* **SUPPLIED DATA**:
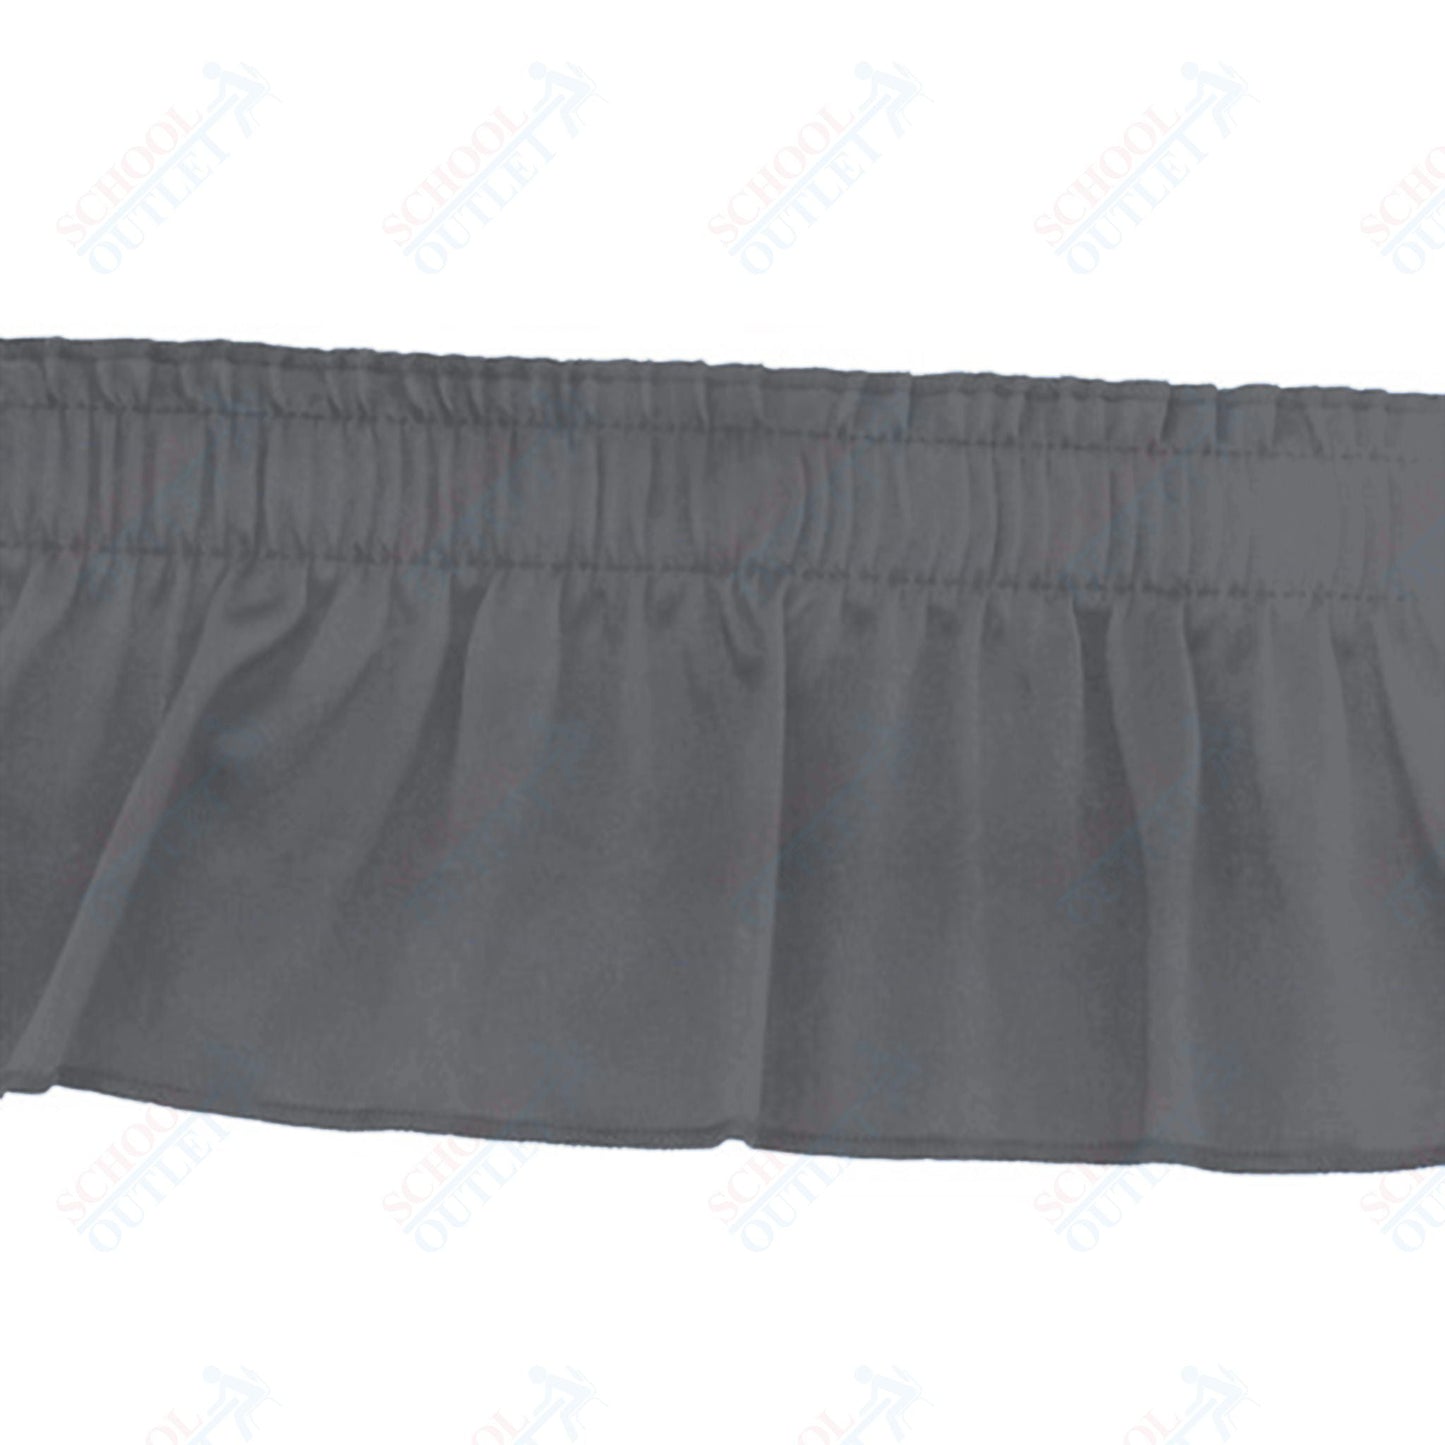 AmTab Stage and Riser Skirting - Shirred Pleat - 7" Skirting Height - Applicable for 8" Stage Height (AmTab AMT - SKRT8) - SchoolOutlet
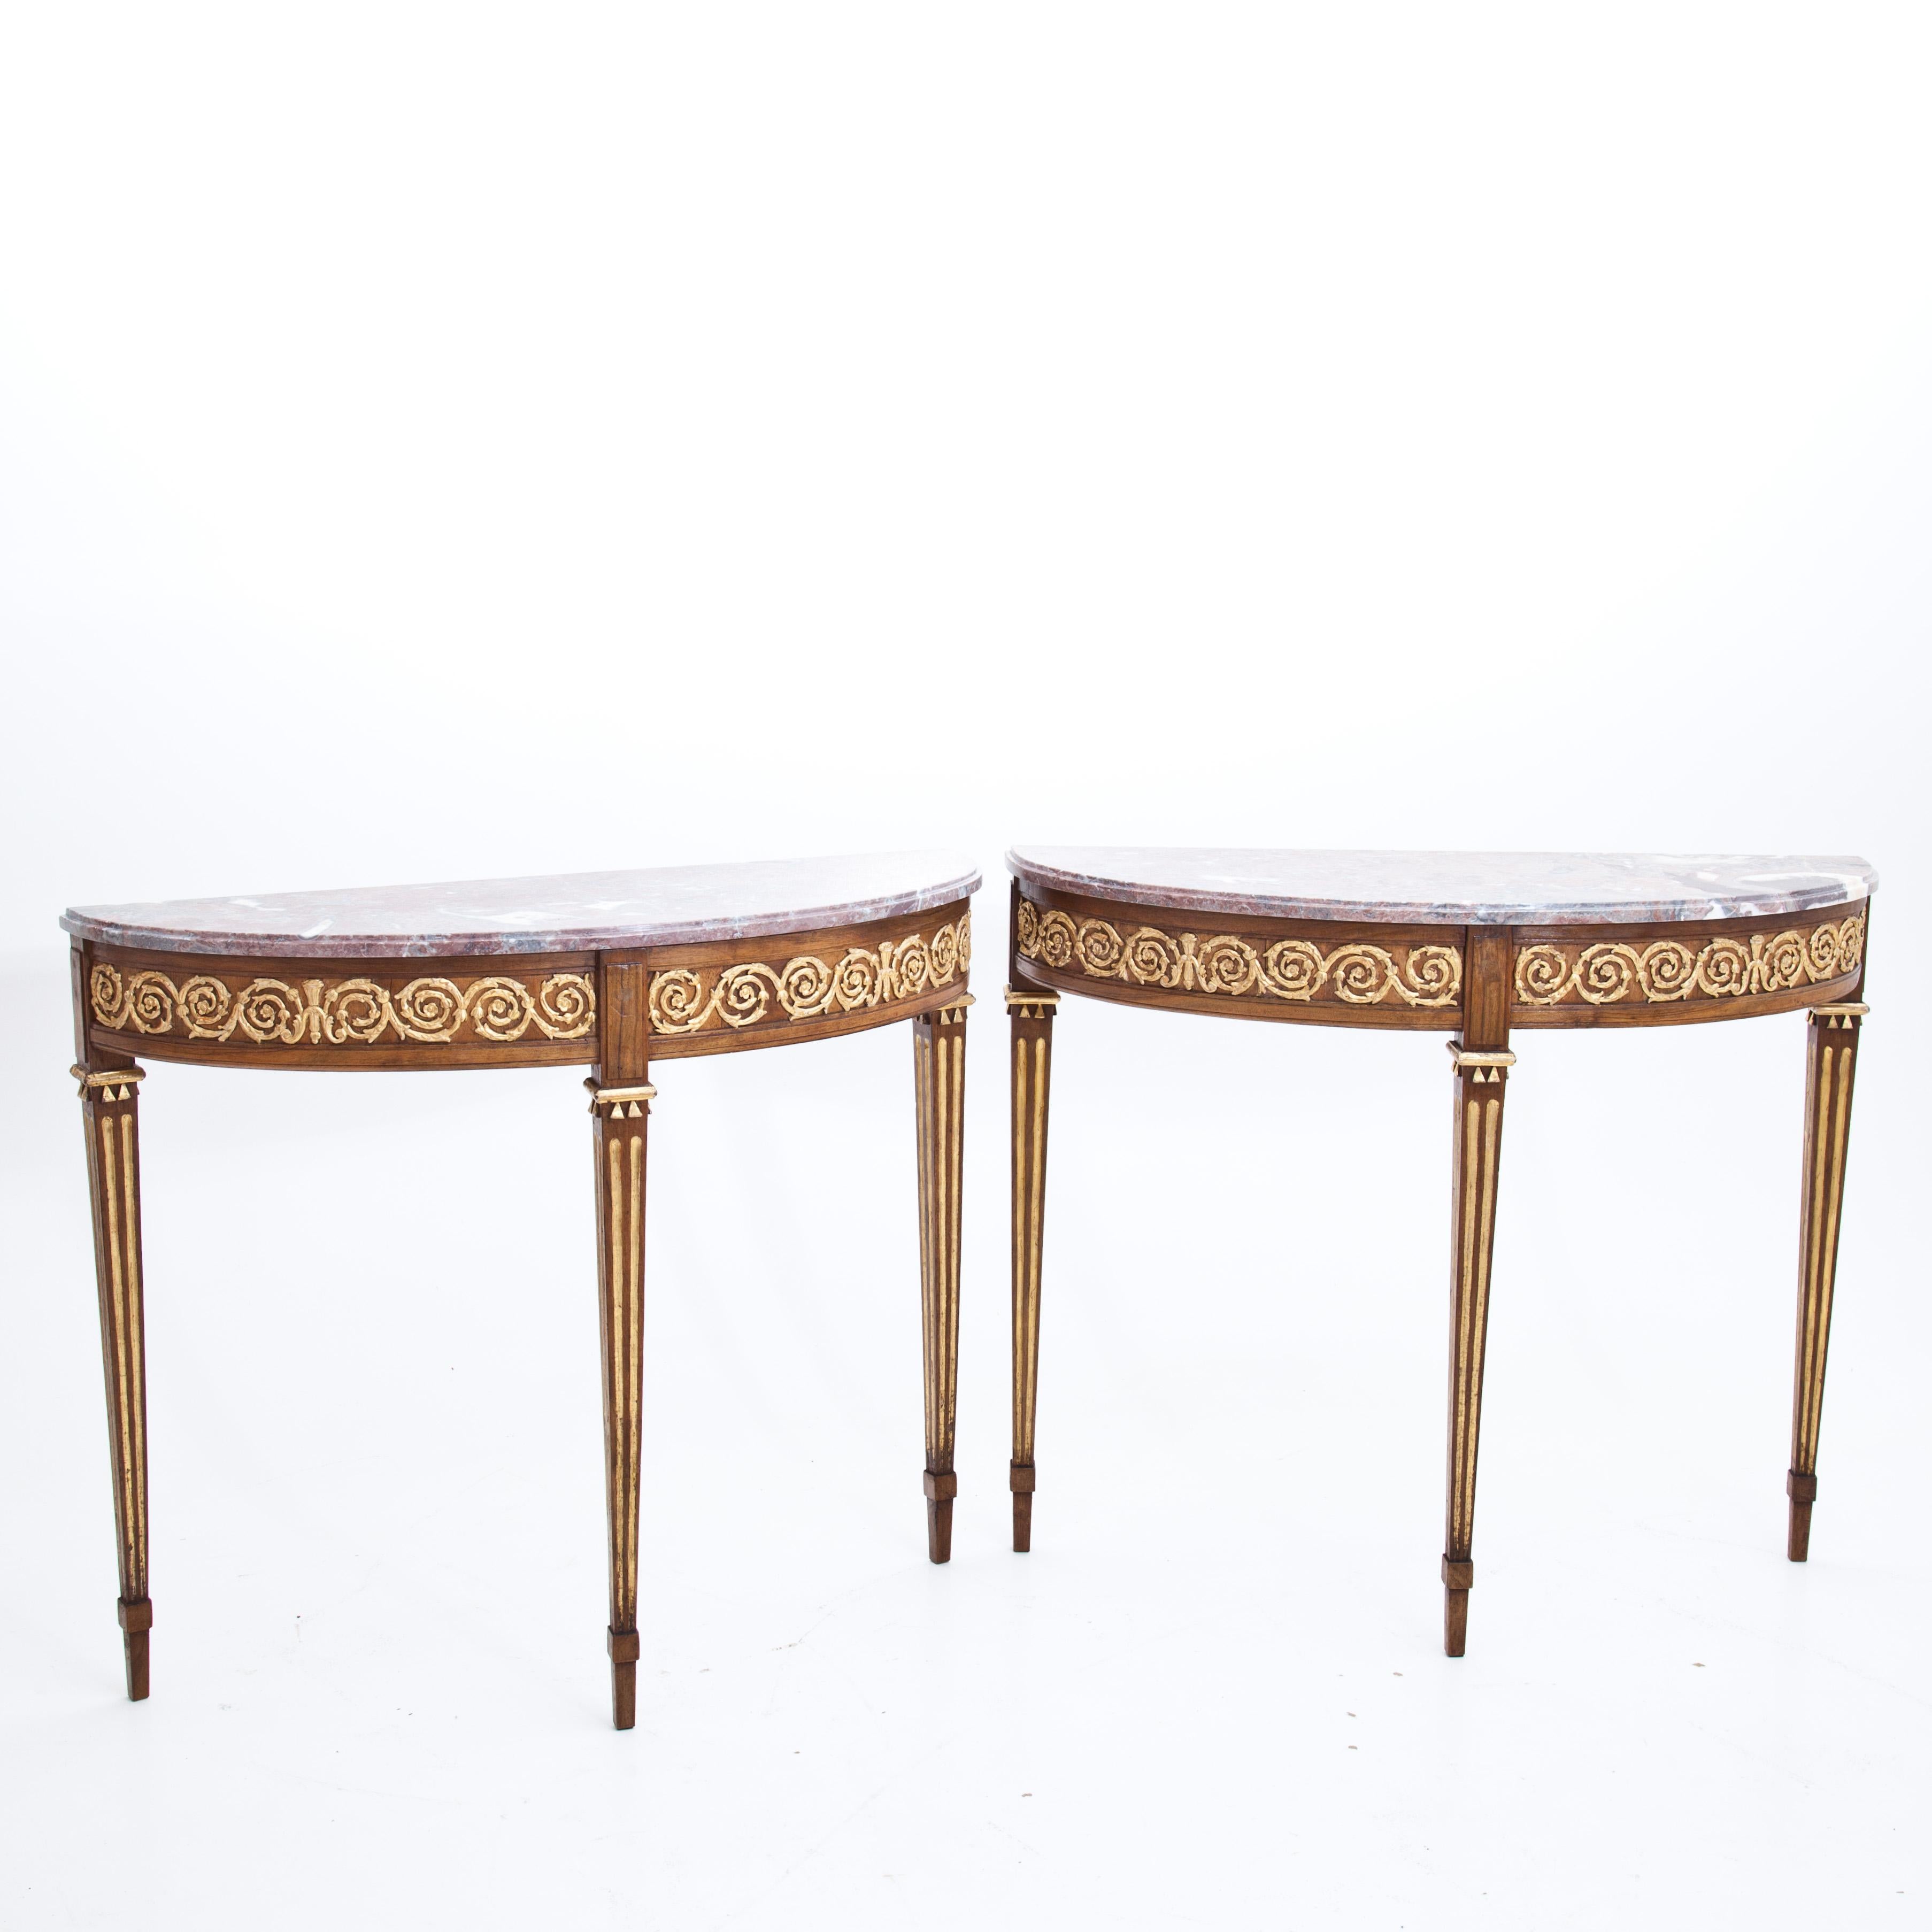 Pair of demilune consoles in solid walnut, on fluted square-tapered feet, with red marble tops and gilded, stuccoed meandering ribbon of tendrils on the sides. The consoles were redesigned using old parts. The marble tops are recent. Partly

--

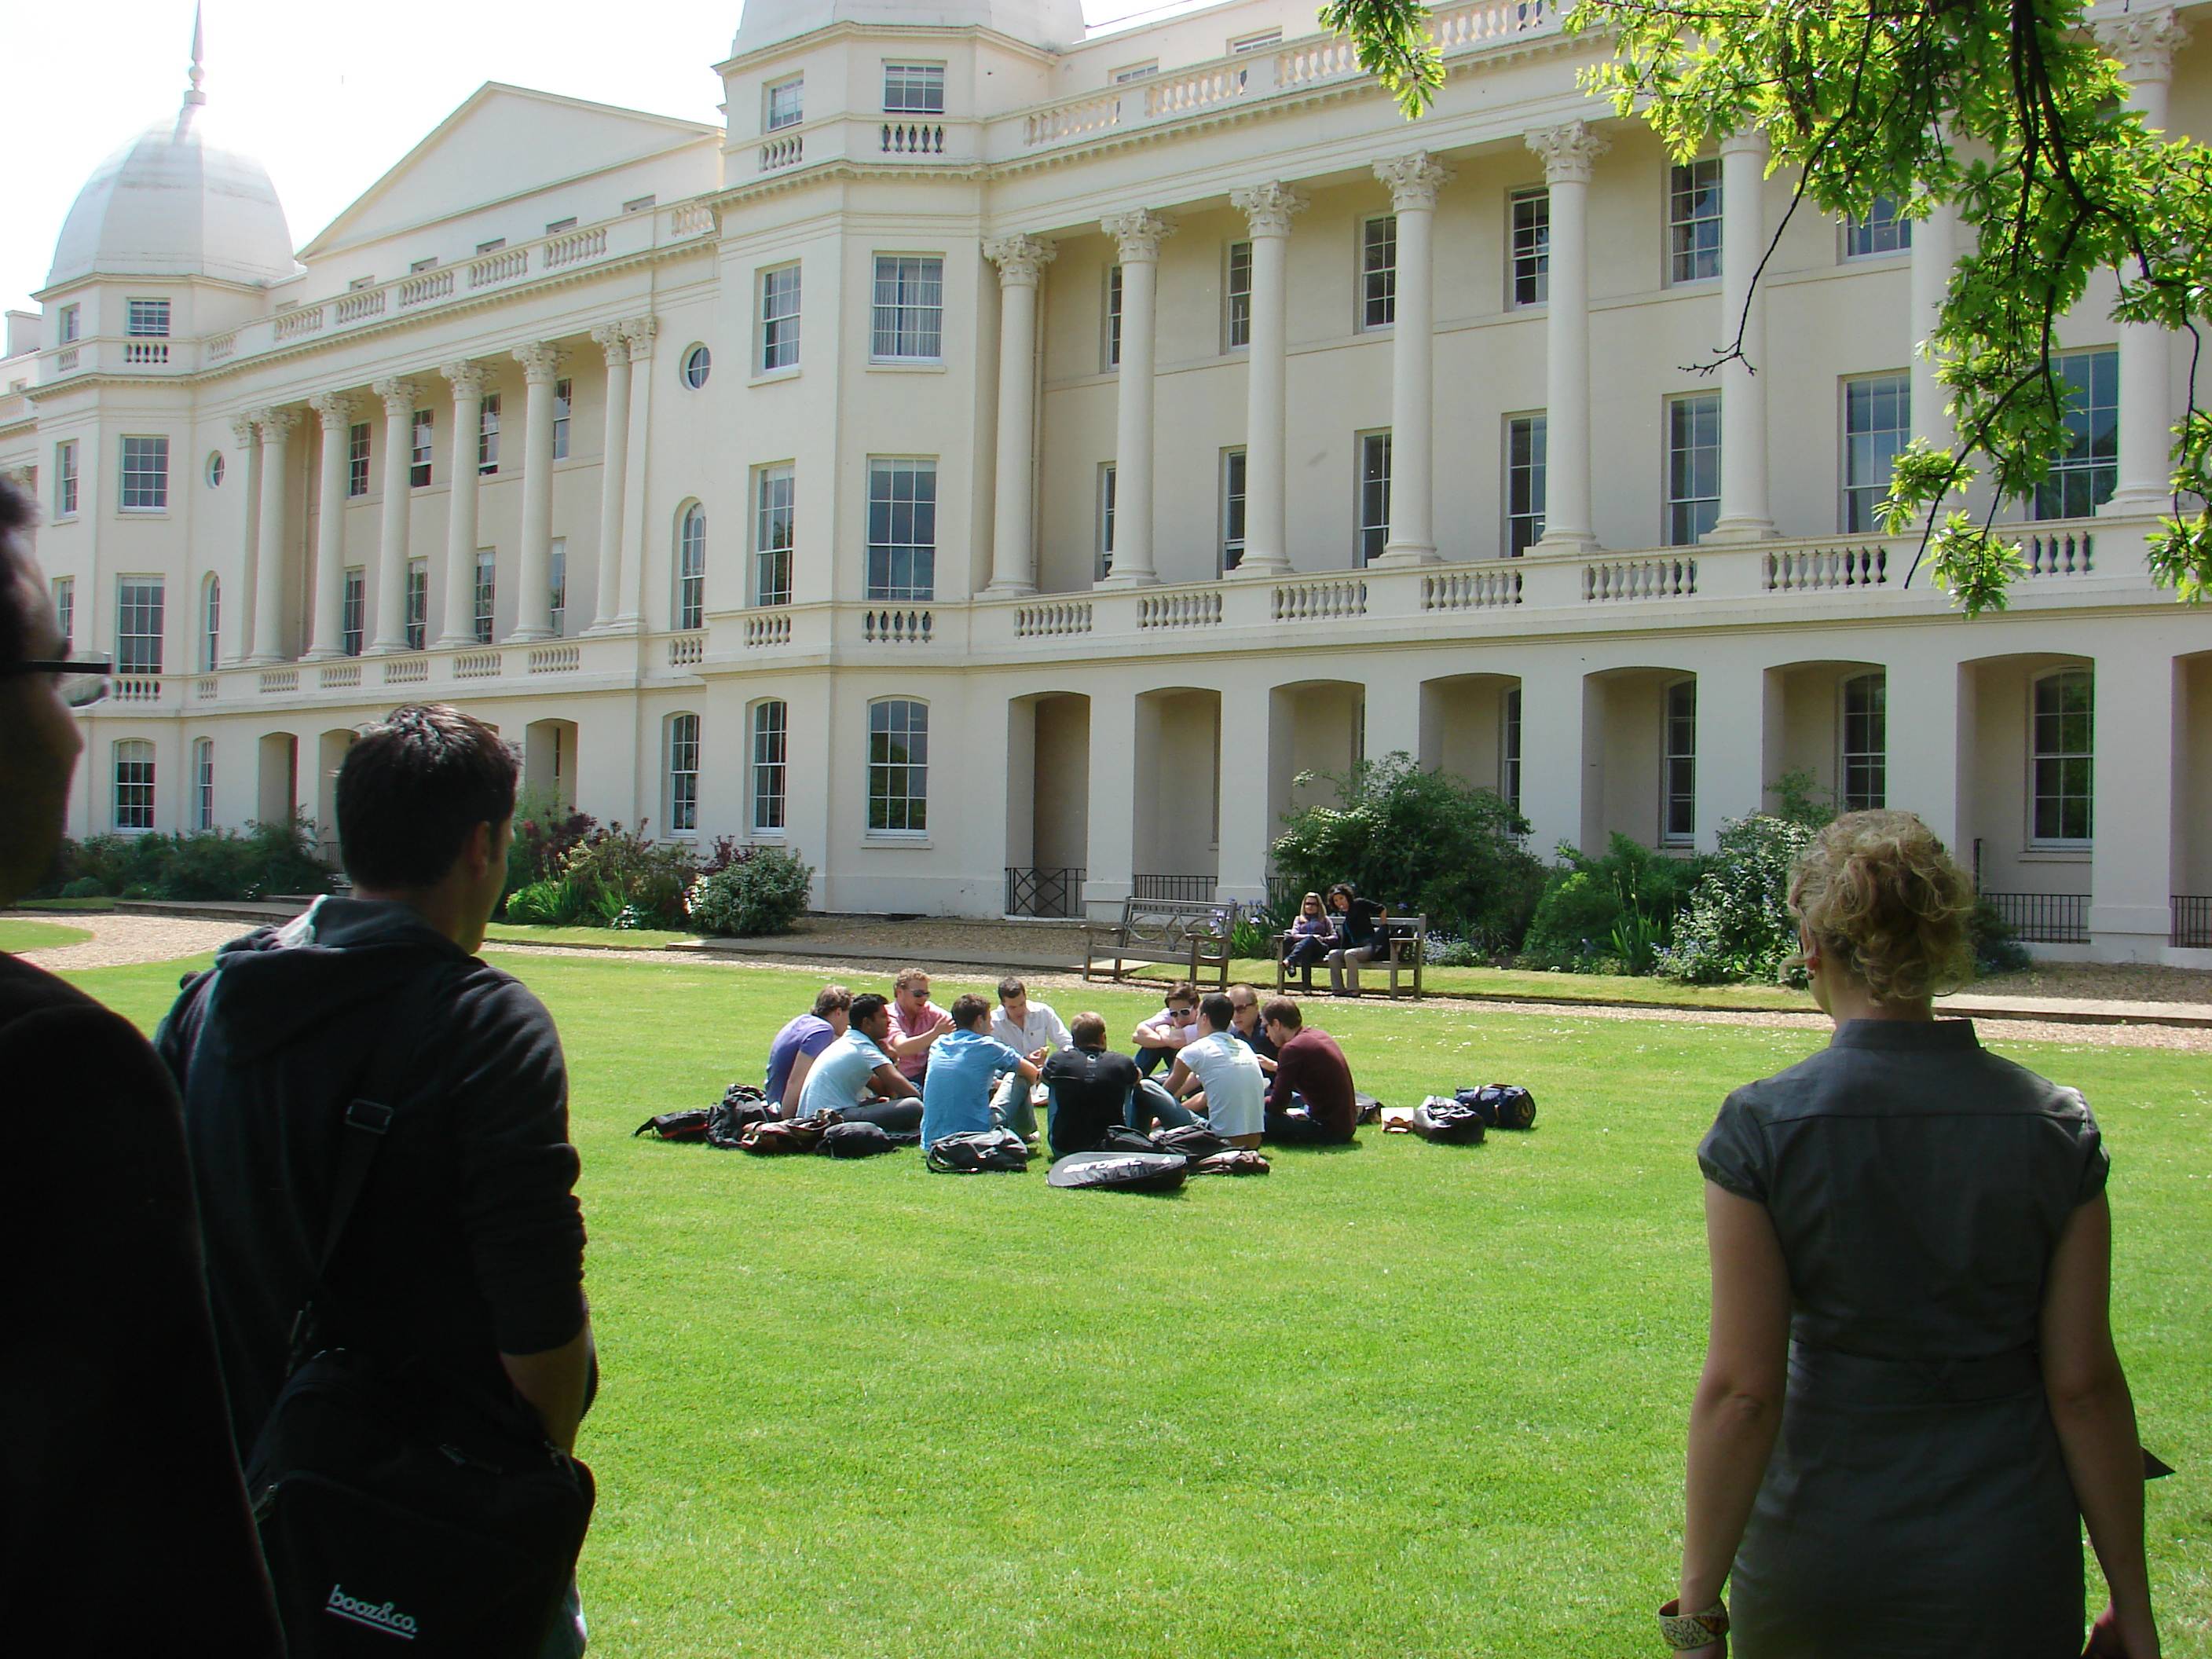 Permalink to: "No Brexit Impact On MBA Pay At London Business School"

* **THE PROBLEM**:
In the listing above, find the line with "AmTab Stage and" and output it and every line after it up to and including the line with "Pair of demilune", exactly, minus the pictures.

* **WRITTEN REPLY**:
 AmTab Stage and Riser Skirting - Shirred Pleat - 7" Skirting Height - Applicable for 8" Stage Height (AmTab AMT - SKRT8) - SchoolOutlet
 Pair of demilune consoles in solid walnut, on fluted square-tapered feet, with red marble tops and gilded, stuccoed meandering ribbon of tendrils on the sides. The consoles were redesigned using old parts. The marble tops are recent. Partly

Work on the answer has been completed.